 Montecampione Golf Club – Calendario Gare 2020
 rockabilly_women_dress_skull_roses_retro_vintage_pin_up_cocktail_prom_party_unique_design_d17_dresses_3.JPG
##############################
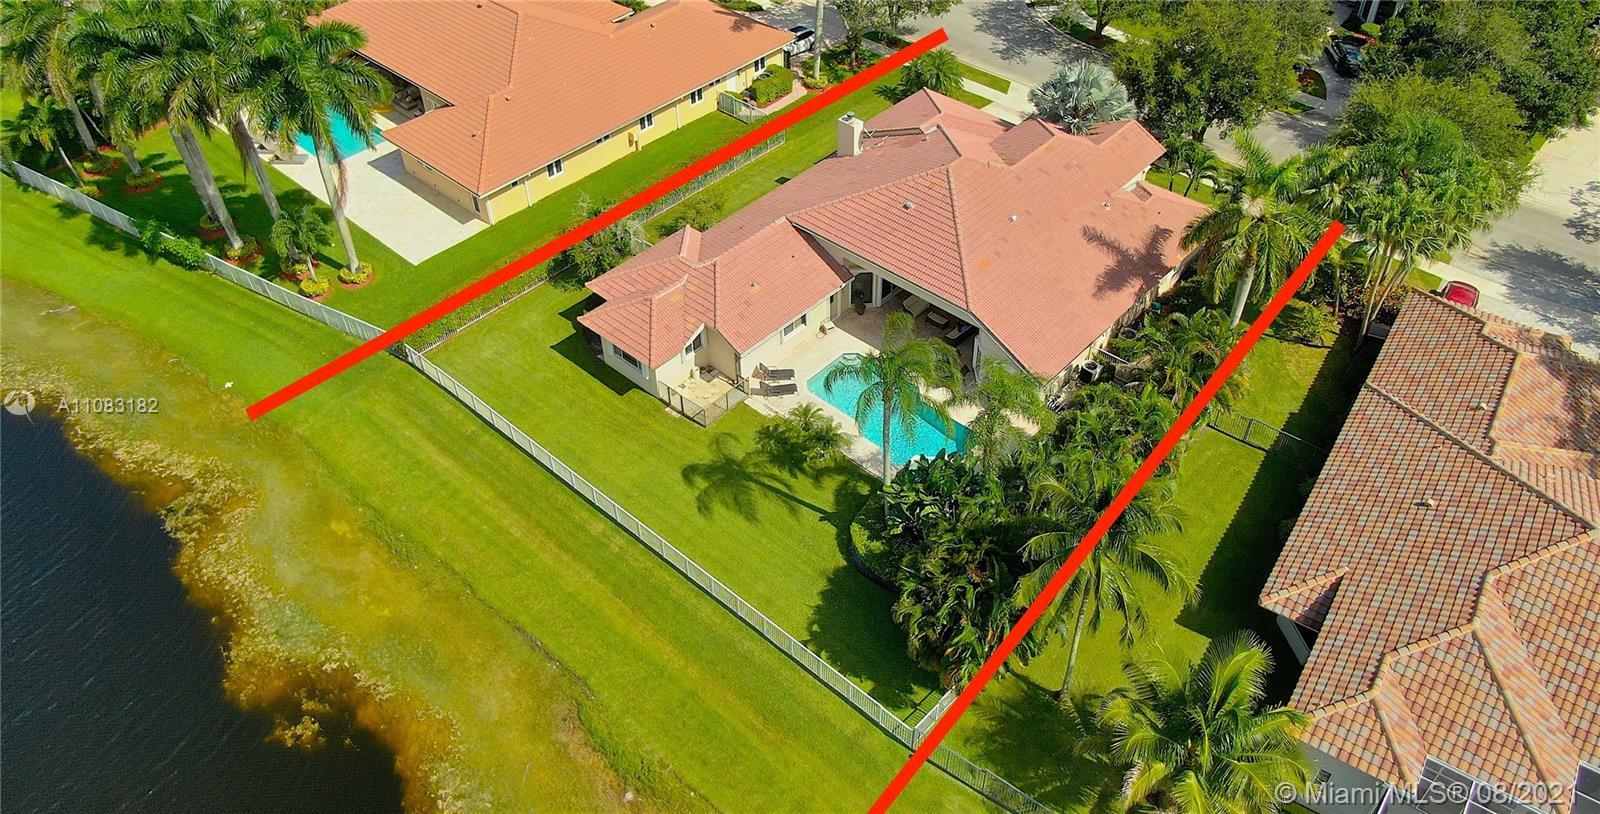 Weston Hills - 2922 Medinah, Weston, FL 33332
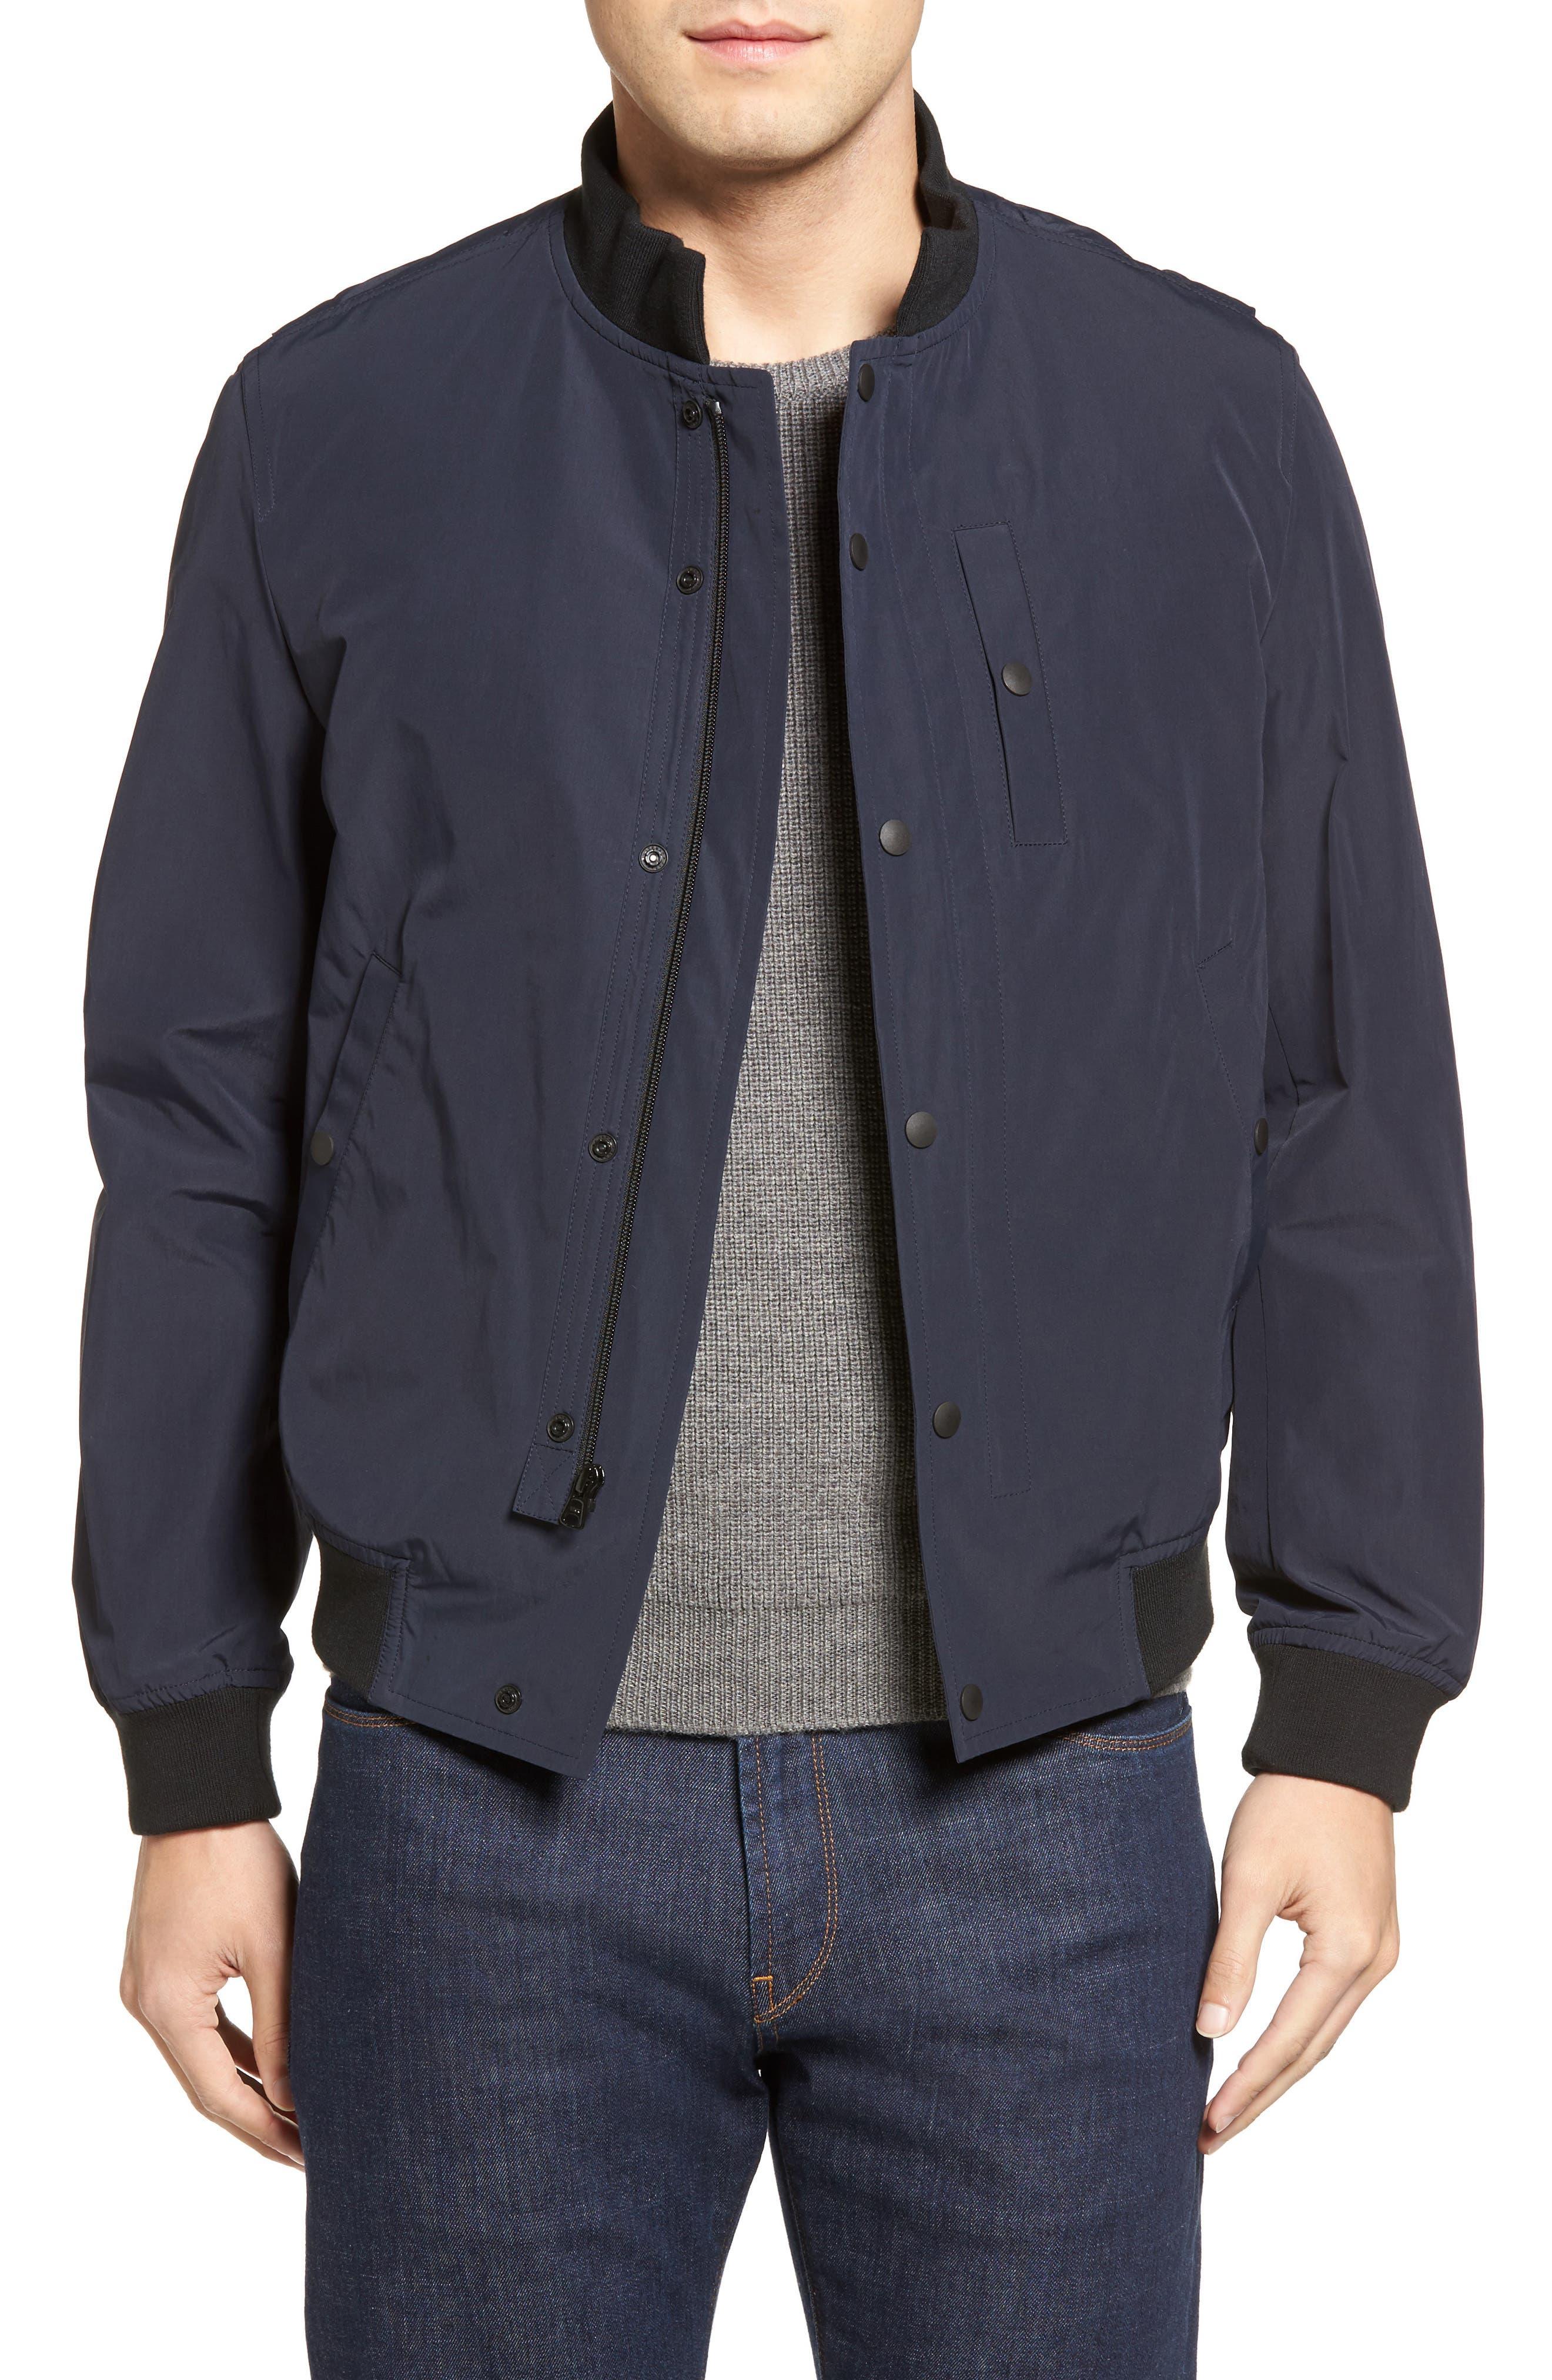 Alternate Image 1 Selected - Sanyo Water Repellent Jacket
##############################
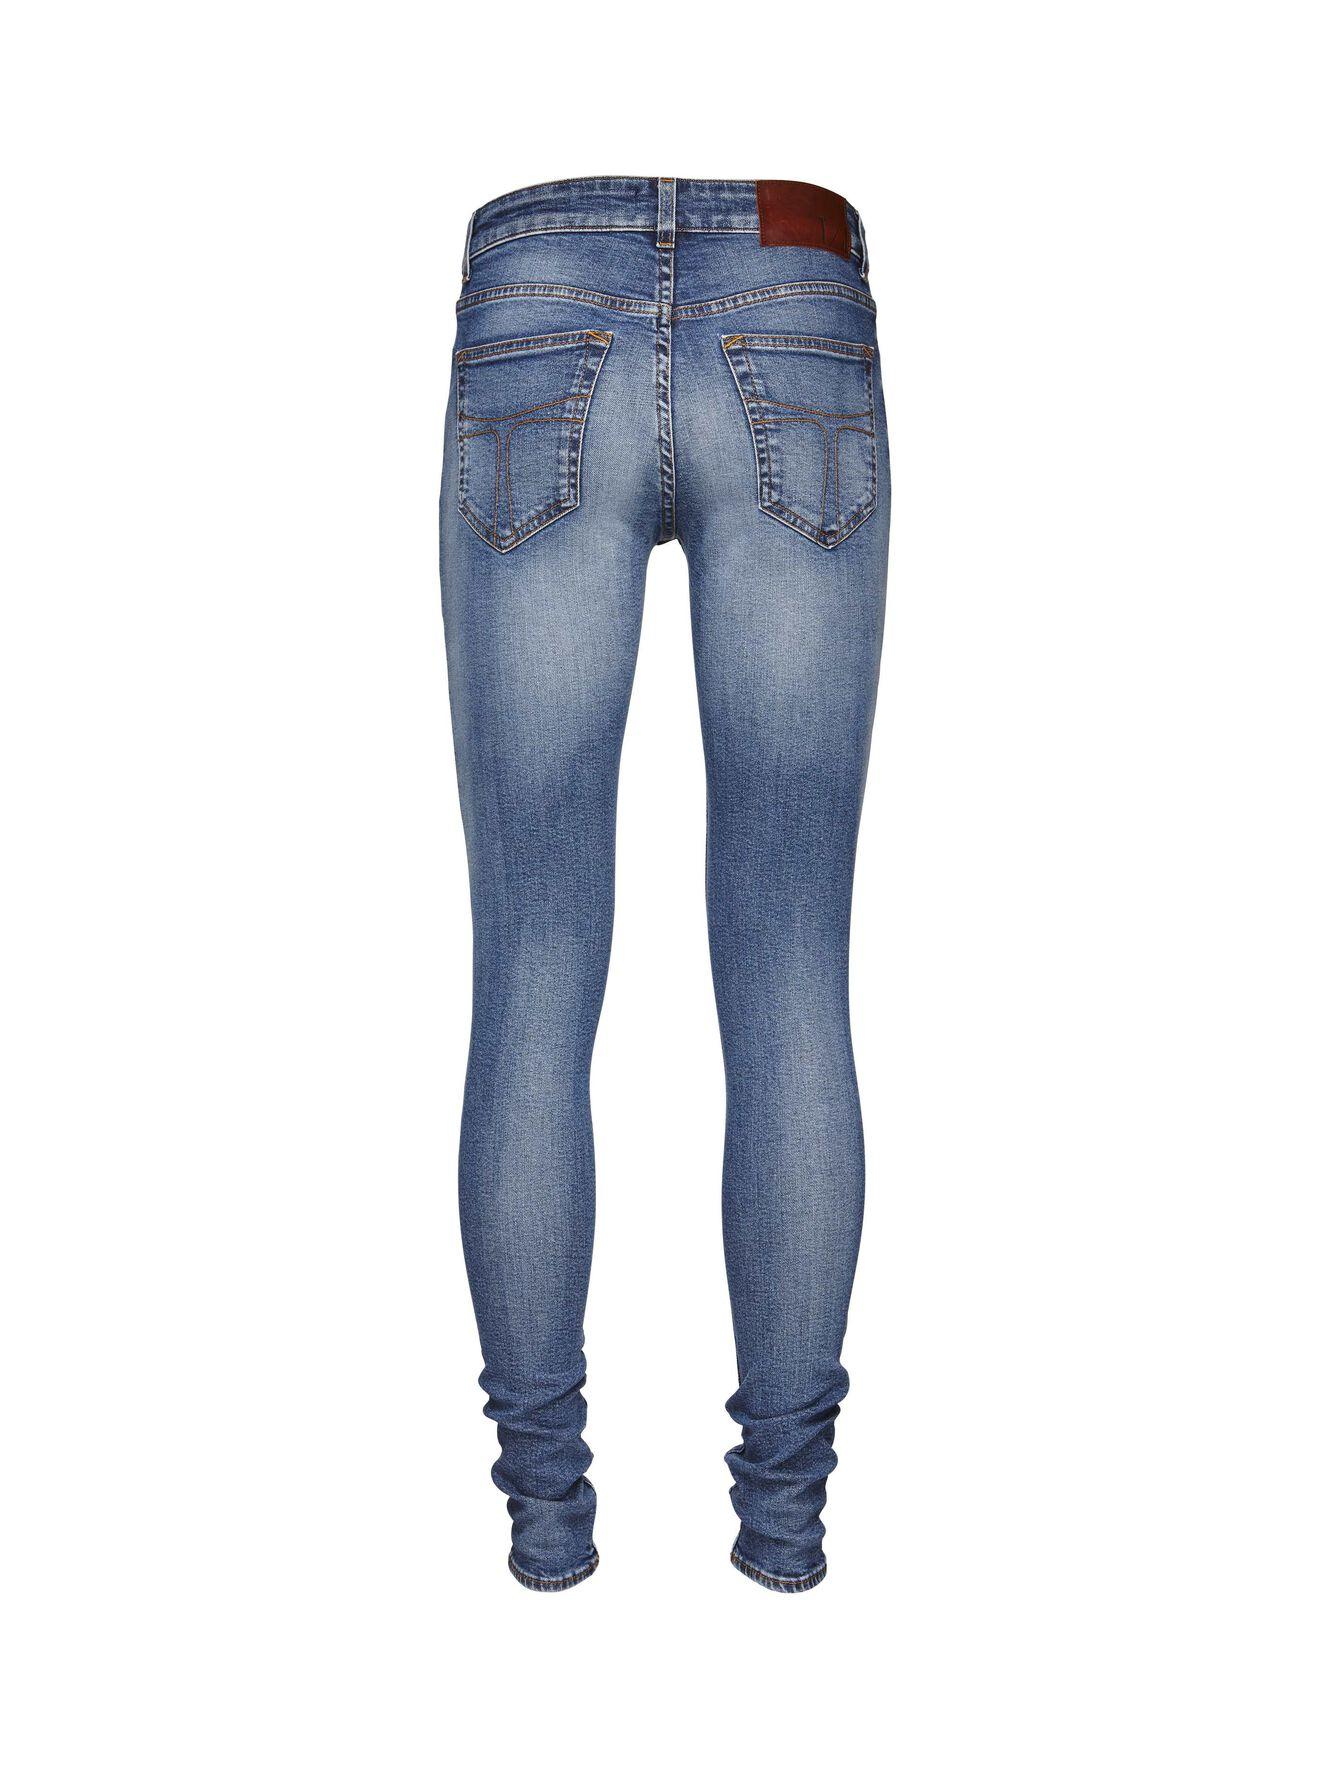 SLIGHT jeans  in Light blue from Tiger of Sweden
##############################
TASK STATEMENT – Everything above from the line containing "Weston Hills - 2922" down to the line containing "Alternate Image 1" is to be duplicated exactly, both lines included, and the pictures are to be omitted.

REPLY TO THE TASK –
 Weston Hills - 2922 Medinah, Weston, FL 33332
 Alternate Image 1 Selected - Sanyo Water Repellent Jacket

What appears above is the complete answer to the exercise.